Personal information
- Full name: Javier Armas Pastor
- Date of birth: 13 January 2000 (age 26)
- Place of birth: A Coruña, Spain
- Height: 5 ft 11 in (1.80 m)
- Position: Midfielder

Team information
- Current team: Fort Wayne FC
- Number: 86

Youth career
- Deportivo La Coruña

College career
- Years: Team / Apps / (Gls)
- 2018–2023: Oregon State Beavers / 77 / (6)

Senior career*
- Years: Team / Apps / (Gls)
- 2021–2022: CD Vallesco
- 2024–2025: Atlanta United 2 / 53 / (10)
- 2026–: Fort Wayne FC / 0 / (0)

= Javier Armas =

Spanish footballer (born 2000)

Javier Armas Pastor (born 13 January 2000) is a Spanish professional footballer who plays for Fort Wayne FC in USL League One.

==Early life==
Armas played youth football in the Deportivo La Coruña youth system. He also played for the Galcia U15 regional team.

==College career==
In 2019, he moved to the United States to attend Oregon State University on a scholarship to play for the men's soccer to continue playing while also pursuing an education. On October 13, 2019, he recorded his first collegiate assist in a match against the Washington Huskies. He scored his first goal on February 27, 2021 against the UCLA Bruins. After his junior season, he was named to the Pac-12 Academic Honor Roll. On September 20, 2022, he scored a brace in a 2-1 victory over the Denver Pioneers, subsequently earning Pac-12 Player of the Week honors. At the end of the 2022 season, he was named to the All-Pac 12 Second Team, the All-Far West Region Third Team, and the Pac-12 Academic Honor Roll. Ahead of the 2023 season, he was named to the Pac-12 Preseason All-Conference team. He helped Oregon State reach the national semi-finals in 2023, but was unable to play in the semi-final due to being suspended for having played as an ineligible player in an earlier match he should have missed due to an accumulation of yellow cards. At the end of the season, he was named to the All-Pac 12 First Team, the All-Region team, and the All-America Third Team.

==Club career==
During 2021 and 2022, he played with CD Vallesco in the Spanish sixth tier Interinsular Preferente de Las Palmas.

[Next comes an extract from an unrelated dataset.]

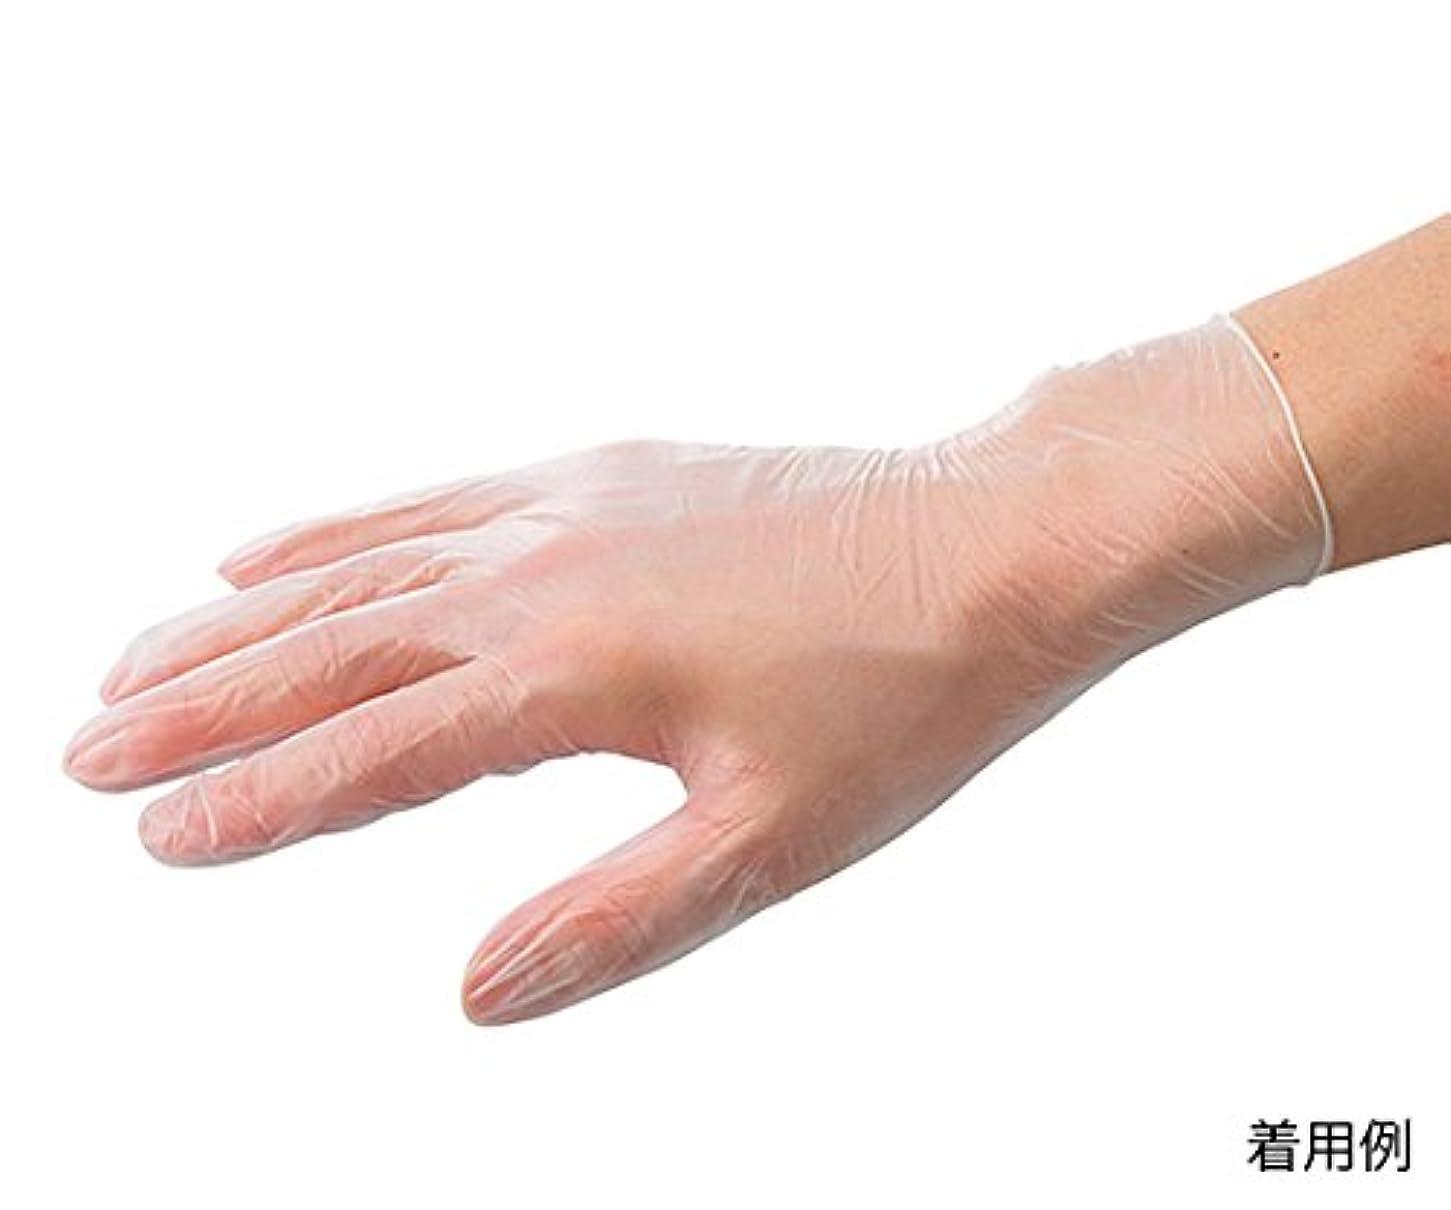 ソーダ水電話に出るコーラスARメディコム?インク?アジアリミテッド7-3727-02バイタルプラスチック手袋(パウダー付き)M150枚入

At the 2024 MLS SuperDraft, Armas was selected in the second round (48th overall) by Atlanta United FC. In January 2024, he signed a professional contract with the second team, Atlanta United 2 in MLS Next Pro. On March 16, in the season opener, he scored his first goal of the season via a penalty kick.

On January 16, 2026 Fort Wayne FC announced it had signed Armas for its inaugural USL League One season.